Ao ser lançado, em 1890, “O Cortiço” teve boa recepção da crítica, chegando a obscurecer escritores do
nível de Machado de Assis. Isso se deve ao fato de Aluísio Azevedo estar mais em sintonia com a
doutrina naturalista, que gozava de grande prestígio na Europa. O livro é composto de 23 capítulos, que
relatam a vida em uma habitação coletiva de pessoas pobres (cortiço) na cidade do Rio de Janeiro.

O romance tornou-se peça-chave para o melhor entendimento do Brasil do século XIX. Evidentemente,
como obra literária, ele não pode ser entendido como um documento histórico da época. Mas não há
como ignorar que a ideologia e as relações sociais representadas de modo fictício em “O Cortiço”
estavam muito presentes no país.

Essa obra de Aluísio Azevedo tem como influência maior o romance “L’Assommoir” do escritor francês
Émile Zola, que prescreve um rigor científico na representação da realidade. A intenção do método
naturalista era fazer uma crítica contundente e coerente de uma realidade corrompida. Zola e, neste
caso, Aluísio combatem, como princípio teórico, a degradação causada pela mistura de raças. Por isso, os
romances naturalistas são constituídos de espaços nos quais convivem desvalidos de várias etnias. Esses
espaços se tornam personagens do romance.
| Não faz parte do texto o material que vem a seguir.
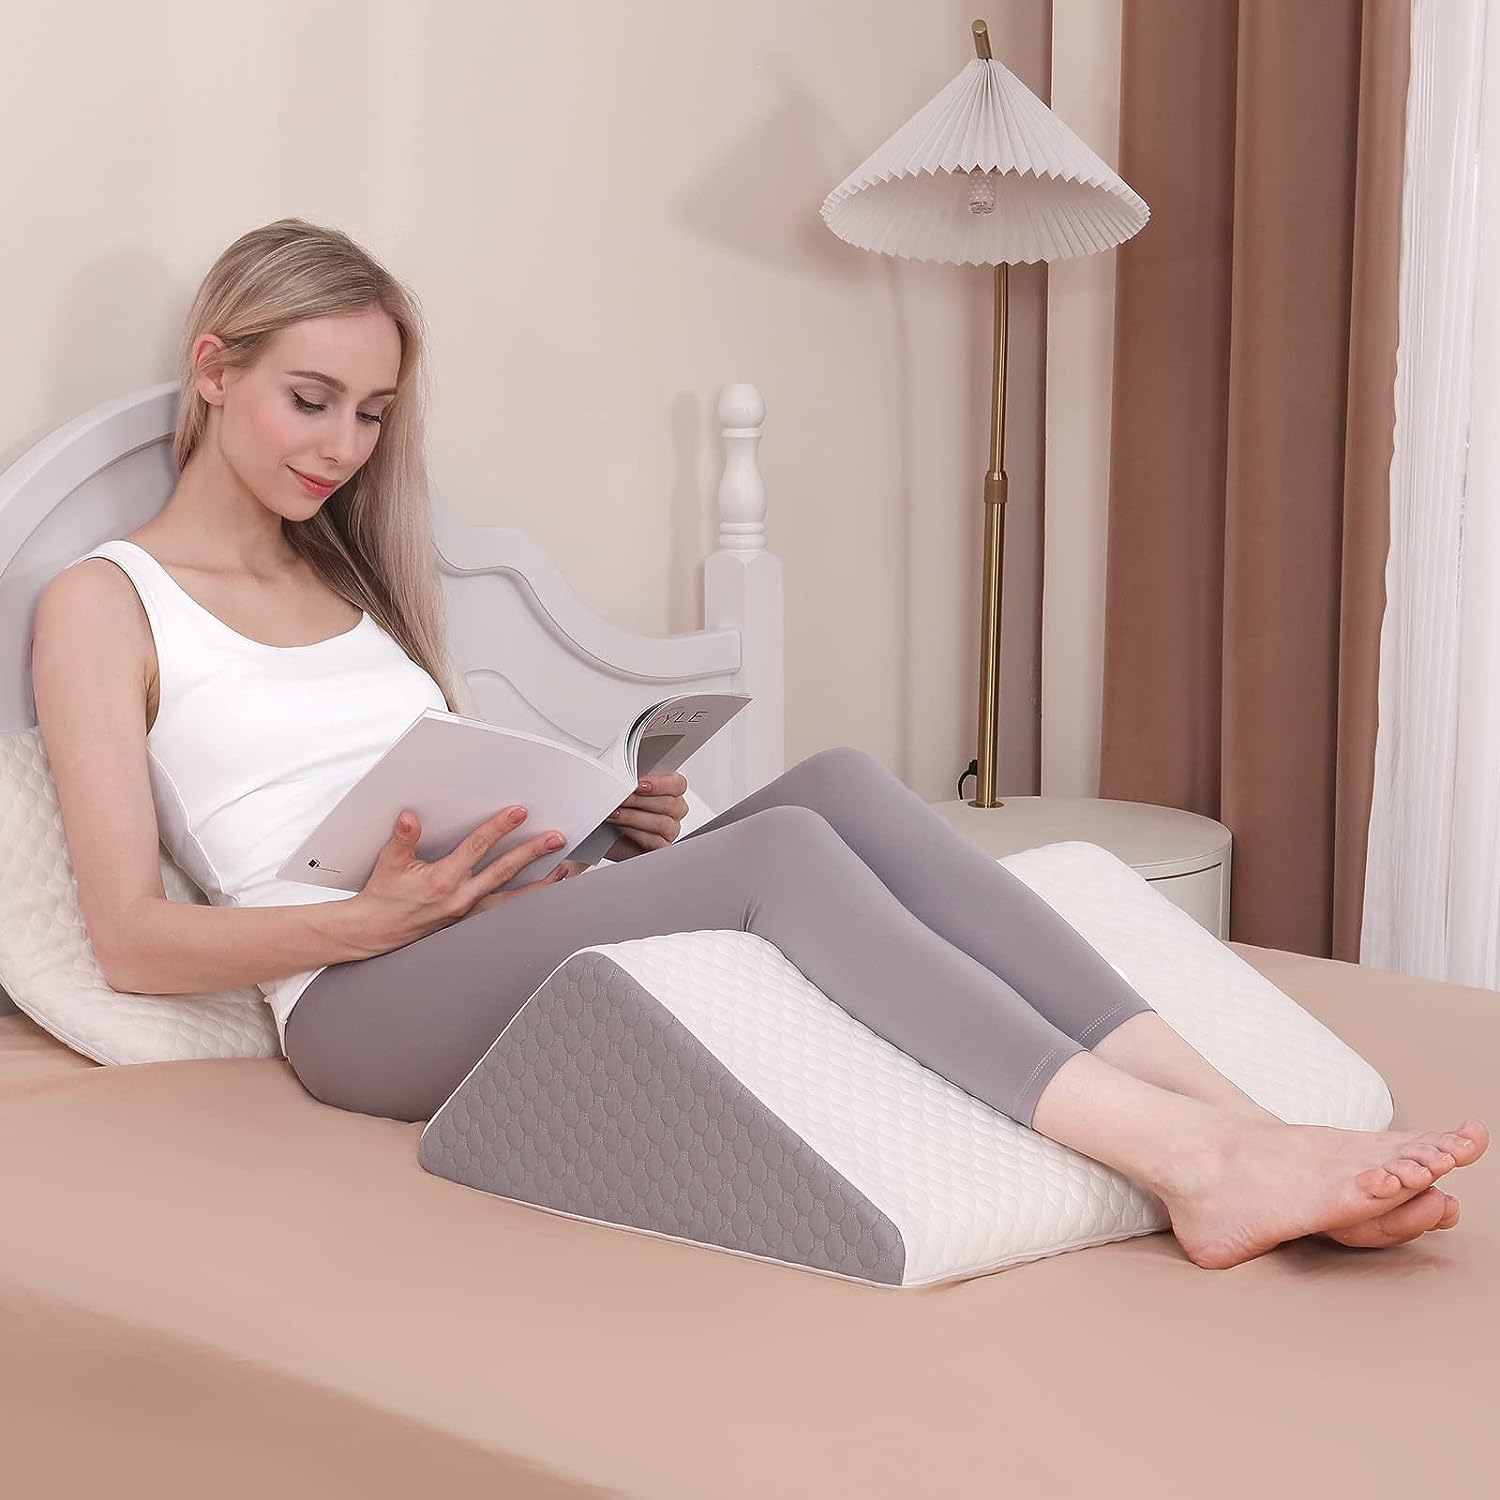 Forias Knee Wedge Pillow 8 Pure Memory Foam Bed Wedge Pillow for Slee
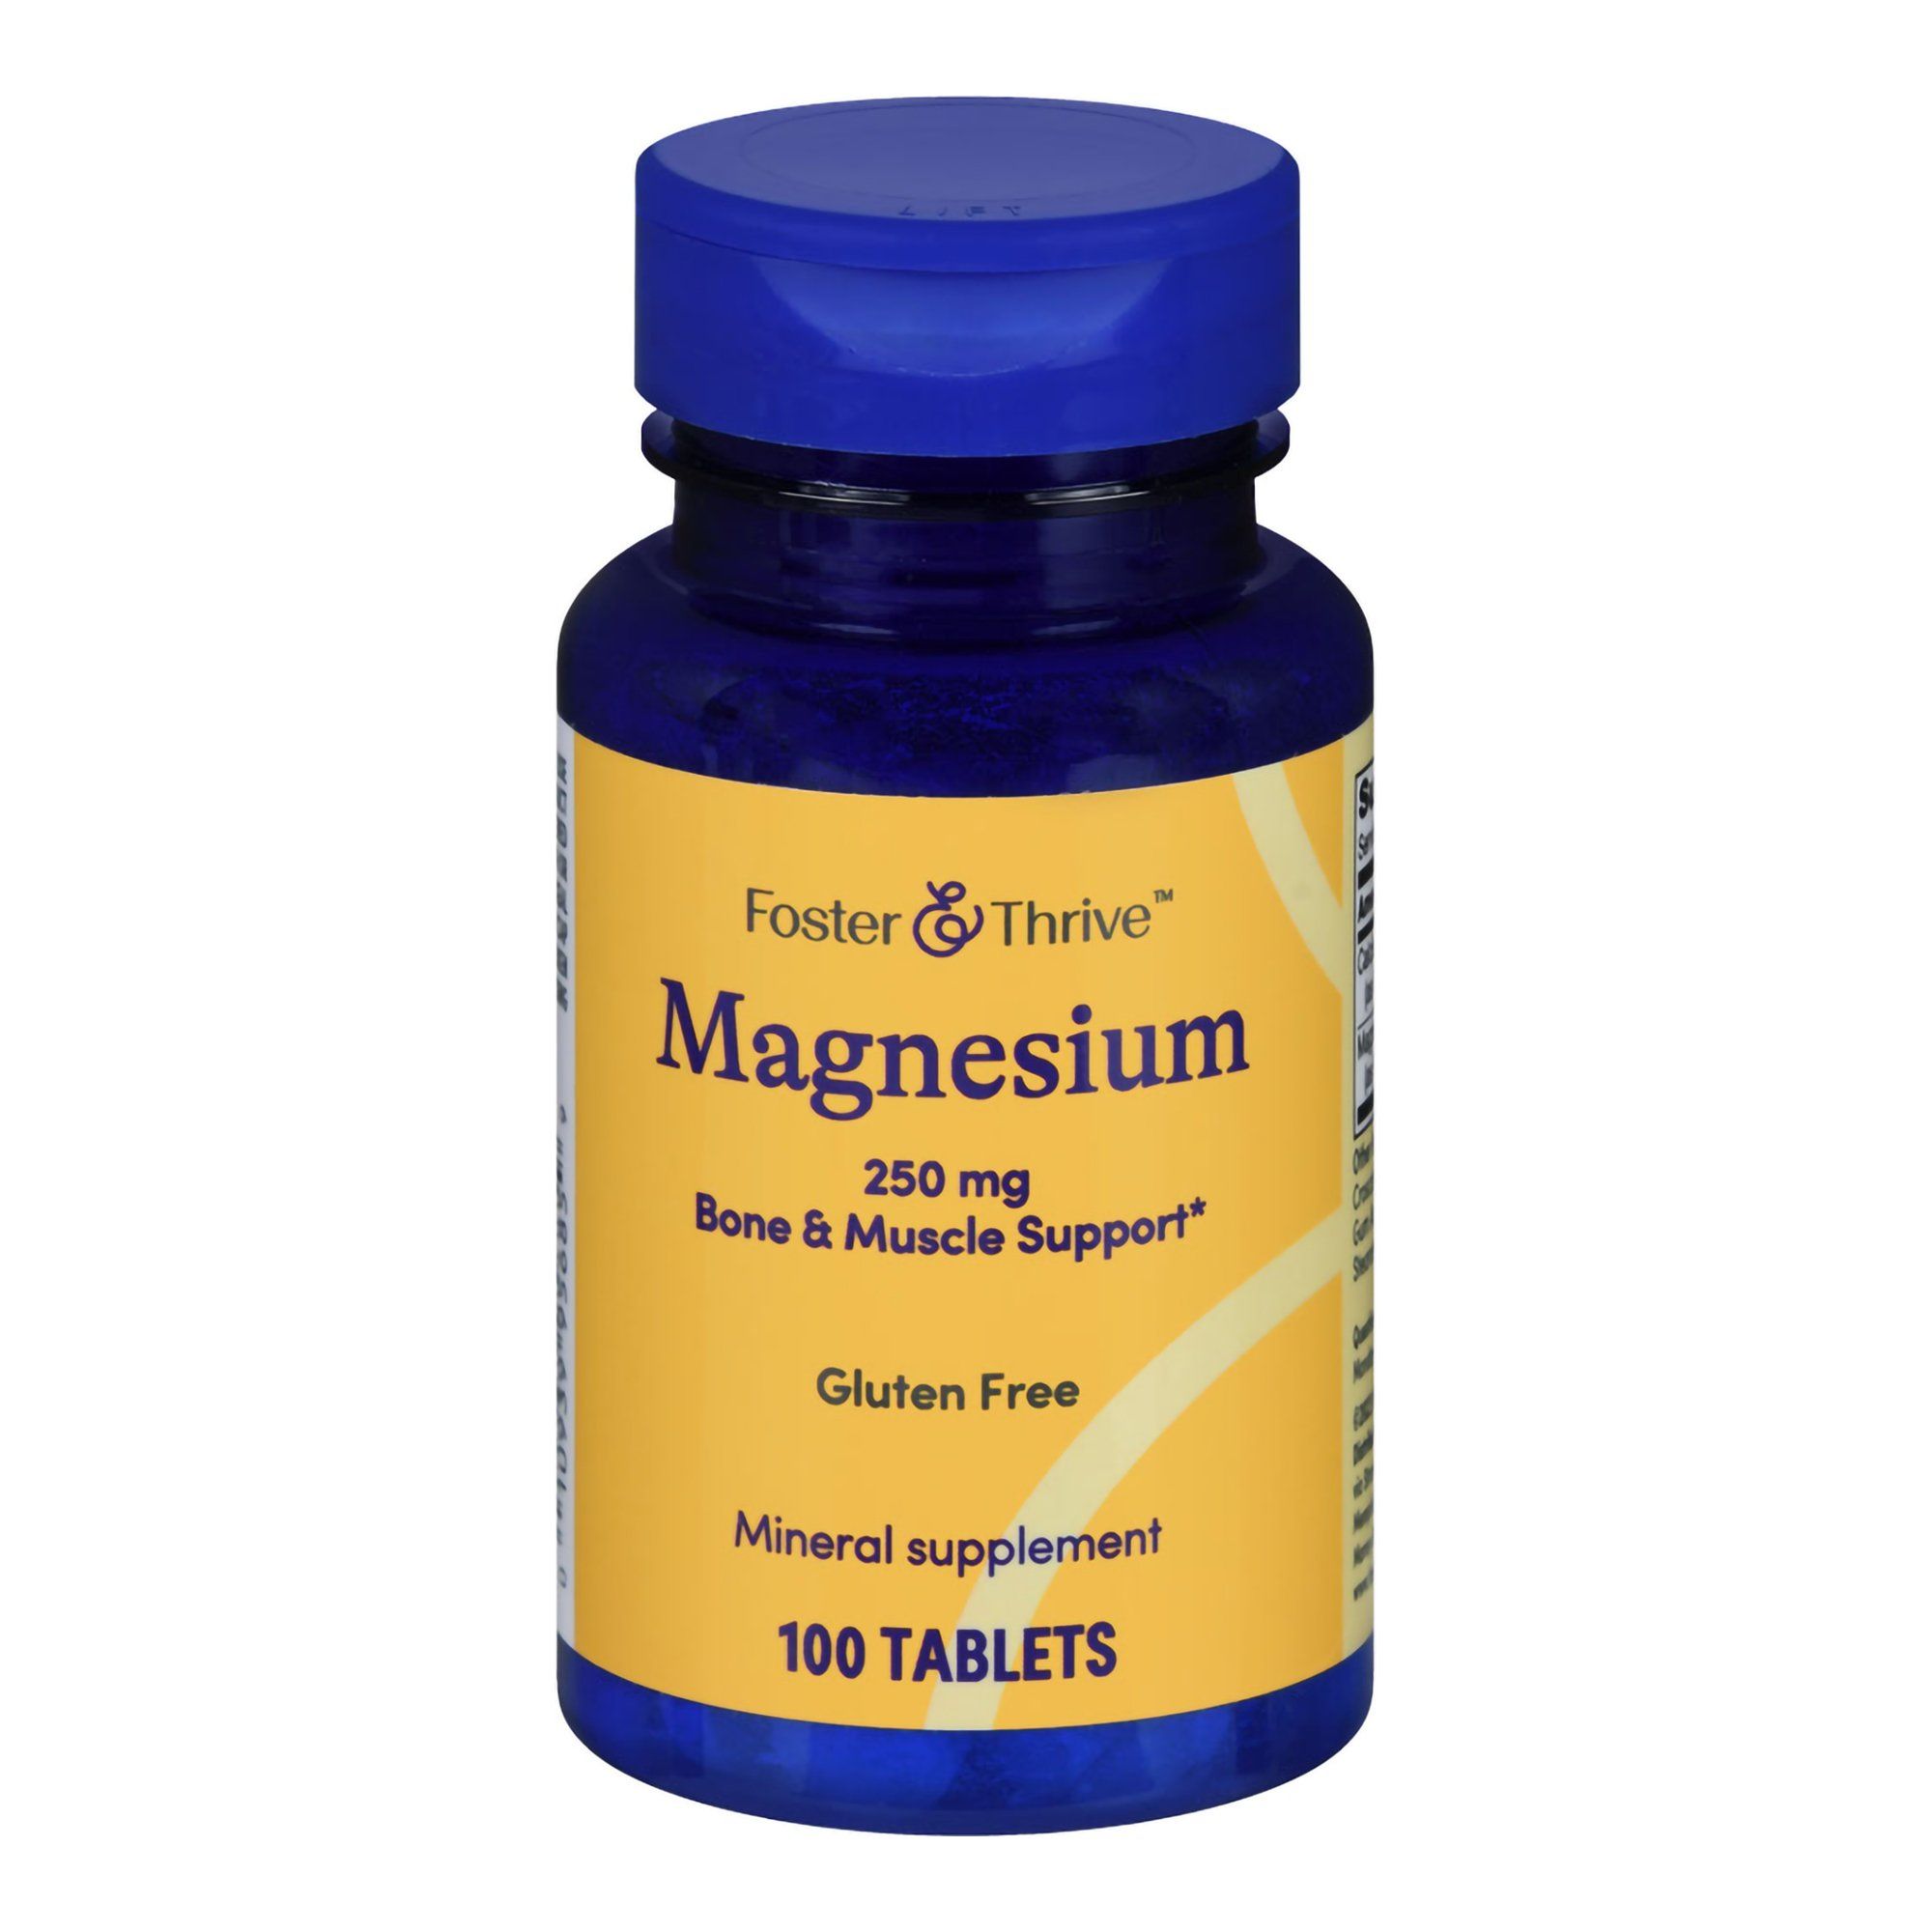 Foster & Thrive Magnesium Tablets, 250 mg  - 100 ct

É o caso do cortiço, que se projeta na obra mais do que os próprios personagens que ali vivem. Em um
trecho do romance o narrador compara o cortiço a uma estrutura biológica (floresta), um organismo vivo
que cresce e se desenvolve, aumentando as forças daninhas e determinando o caráter moral de quem
habita seu interior.

Mais do que empregar os preceitos do naturalismo, a obra mostra práticas recorrentes no Brasil do
século XIX. Na situação de capitalismo incipiente, o explorador vivia muito próximo ao explorado, daí a
estalagem de João Romão estar junto aos pobres moradores do cortiço. Ao lado, o burguês Miranda, de
projeção social mais elevada que João Romão, vive em seu palacete com ares aristocráticos e teme o
crescimento do cortiço. Por isso pode-se dizer que “O Cortiço” não é somente um romance naturalista,
mas uma alegoria do Brasil.

O autor naturalista tinha uma tese a sustentar sua história. A intenção era provar, por meio da obra
literária, como o meio, a raça e a história determinam o homem e o levam à degradação. A obra está a
serviço de um argumento. Aluísio se propõe a mostrar que a mistura de raças em um mesmo meio
desemboca na promiscuidade sexual, moral e na completa degradação humana. Mas, para além disso, o
livro apresenta outras questões pertinentes para pensar o Brasil, que ainda são atuais, como a imensa
desigualdade social.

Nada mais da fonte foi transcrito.